::: Input data :::

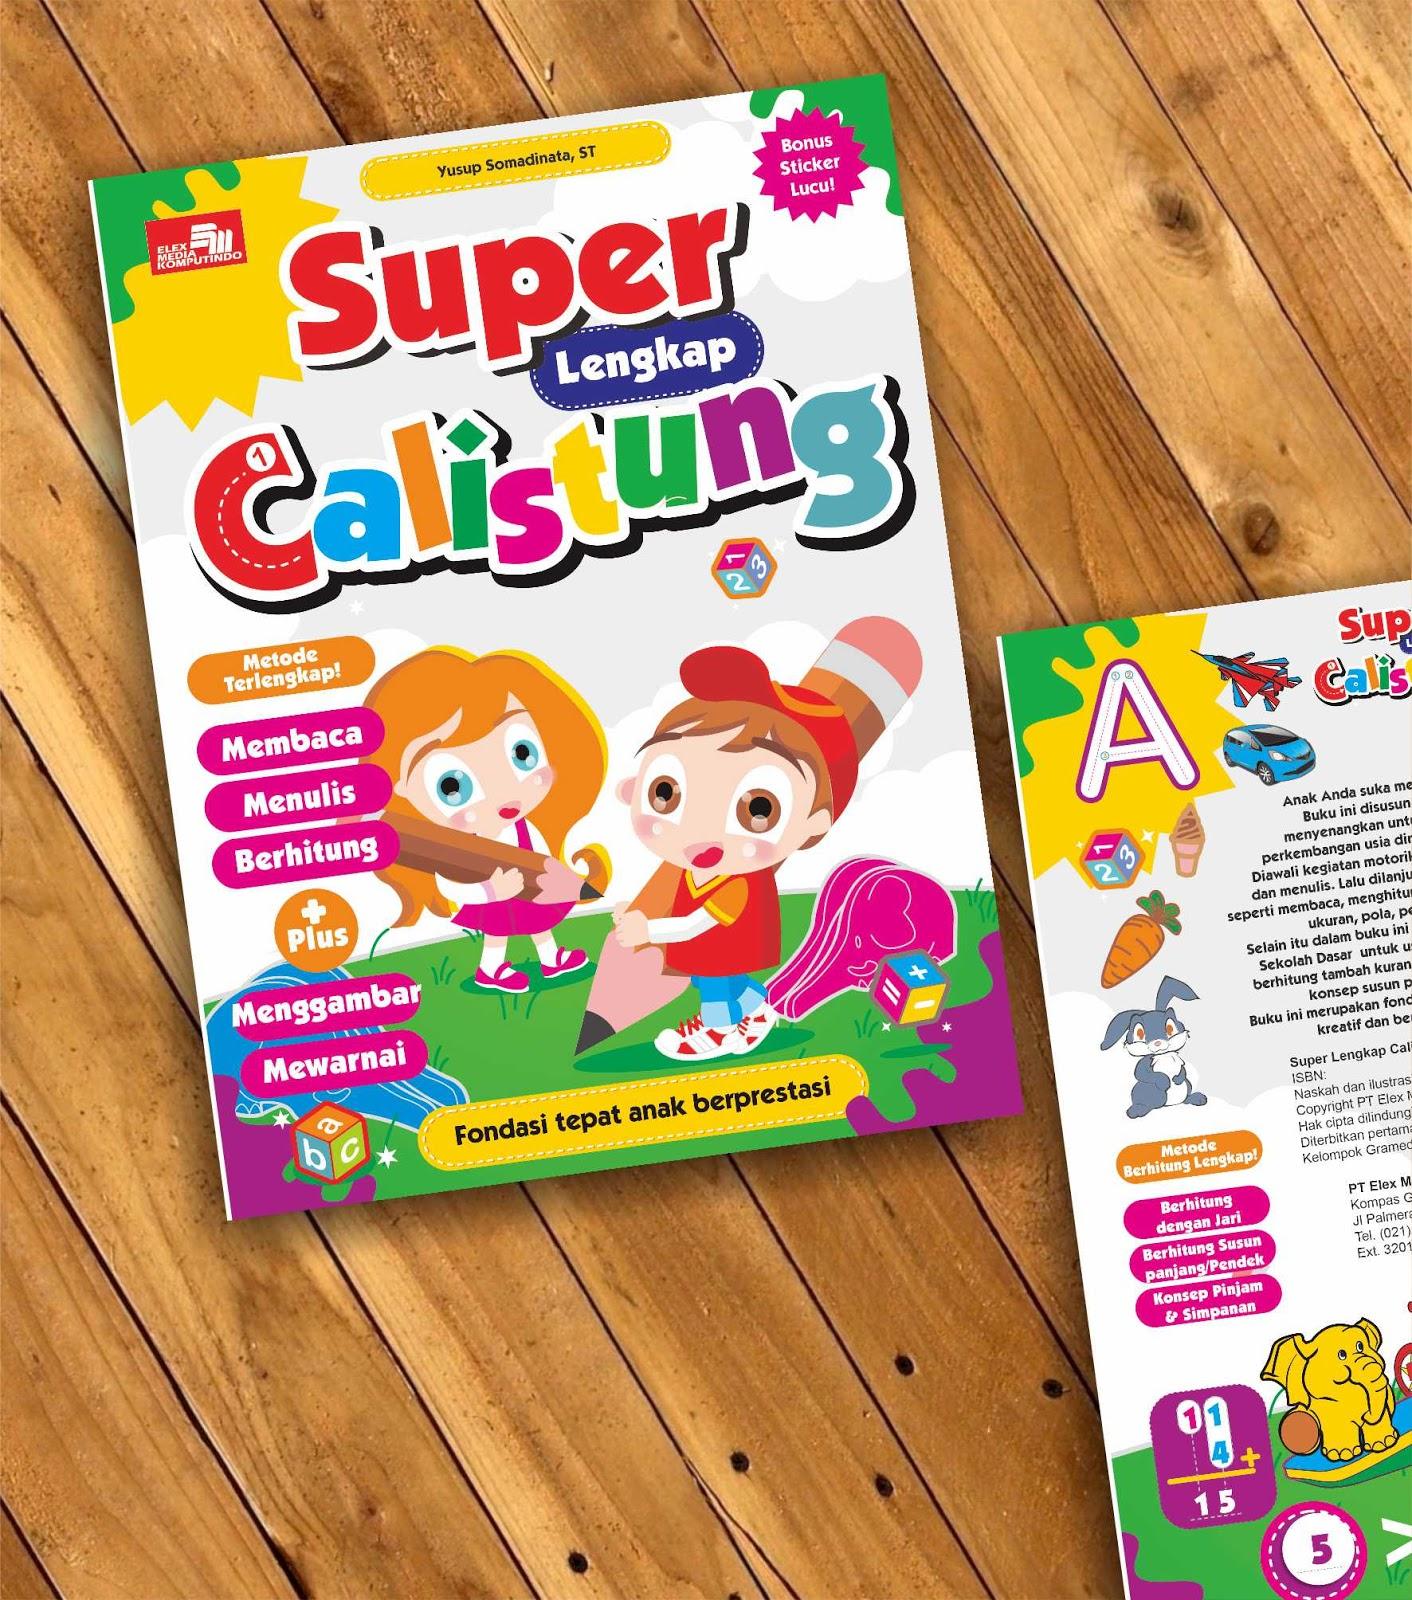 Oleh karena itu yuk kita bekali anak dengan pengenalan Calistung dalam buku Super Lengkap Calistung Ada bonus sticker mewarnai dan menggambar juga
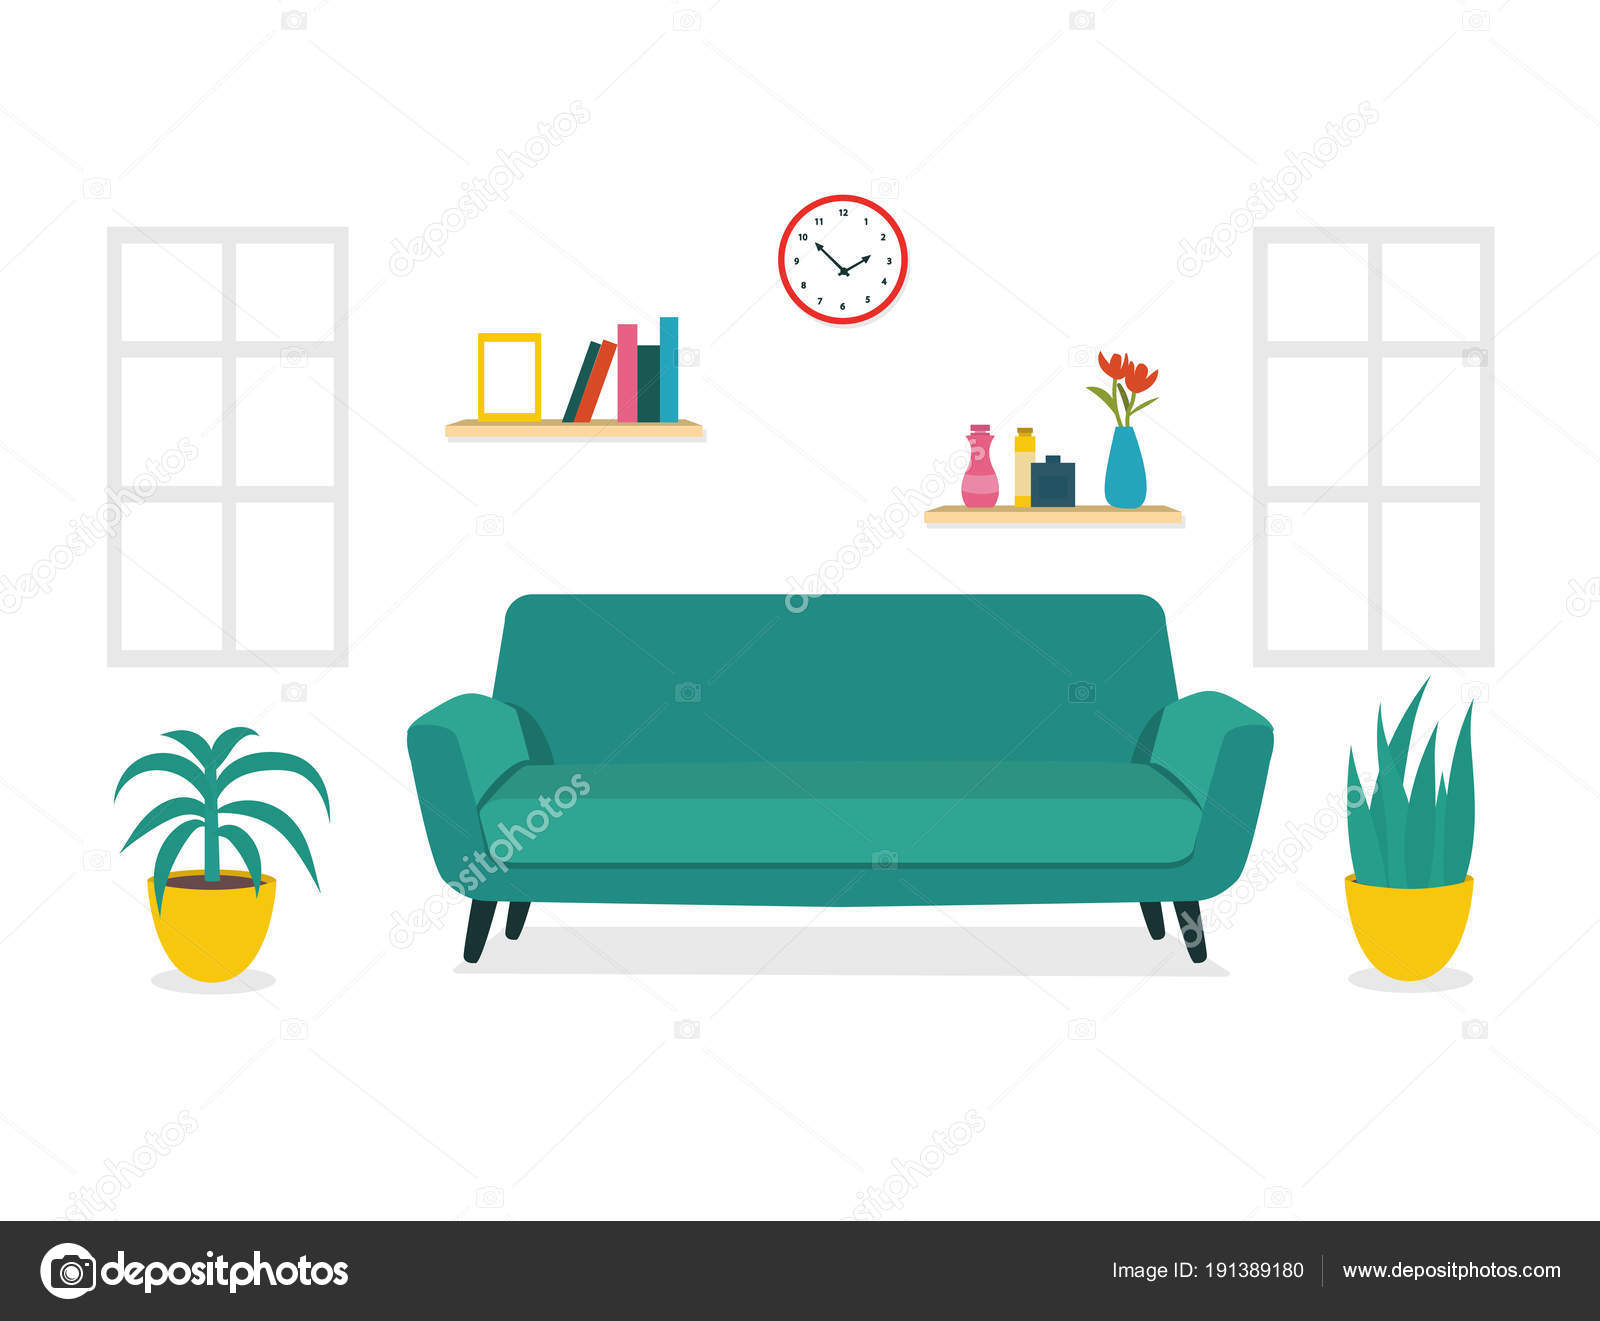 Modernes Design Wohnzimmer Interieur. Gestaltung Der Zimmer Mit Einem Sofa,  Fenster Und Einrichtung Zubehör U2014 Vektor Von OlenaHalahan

:::
::: Input data :::

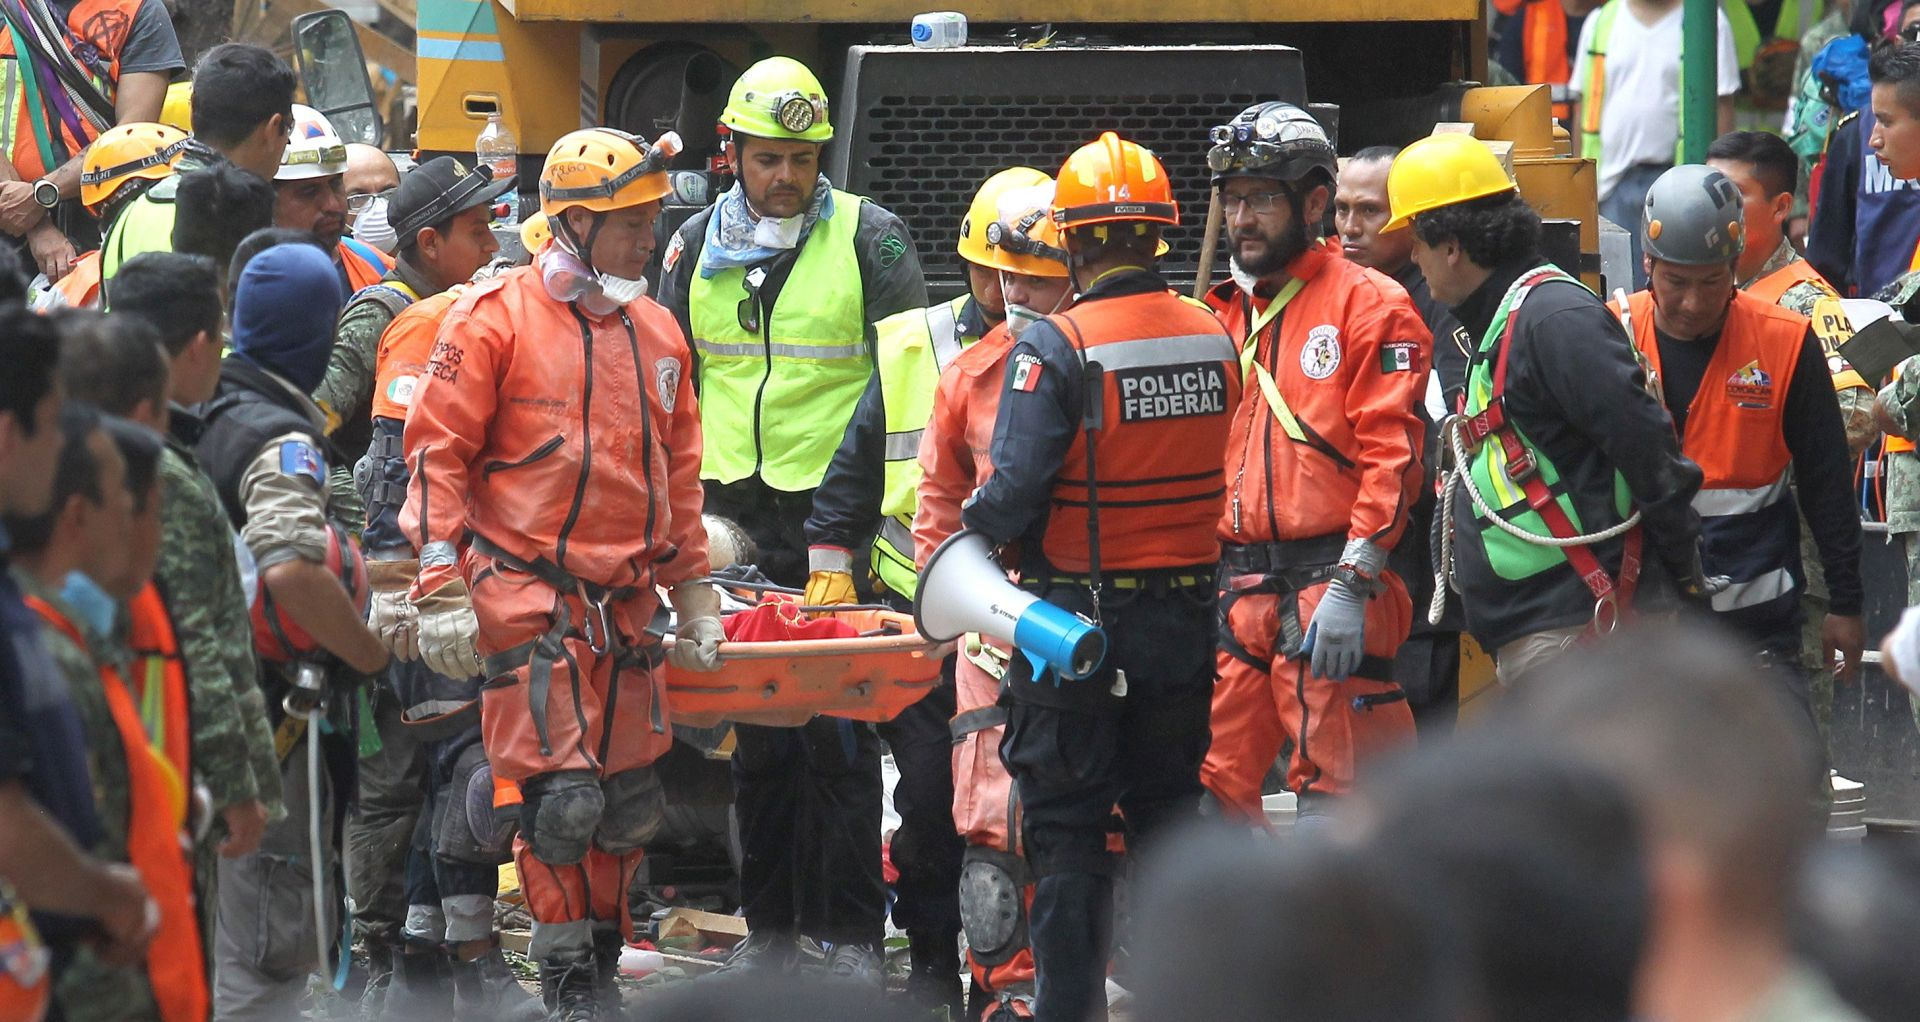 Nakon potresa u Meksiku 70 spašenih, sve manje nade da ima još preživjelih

:::

Above are records; repeat only the lines from the line with "Oleh karena itu" through the line with "Modernes Design Wohnzimmer", and leave pictures out.

 Oleh karena itu yuk kita bekali anak dengan pengenalan Calistung dalam buku Super Lengkap Calistung Ada bonus sticker mewarnai dan menggambar juga
 Modernes Design Wohnzimmer Interieur. Gestaltung Der Zimmer Mit Einem Sofa,  Fenster Und Einrichtung Zubehör U2014 Vektor Von OlenaHalahan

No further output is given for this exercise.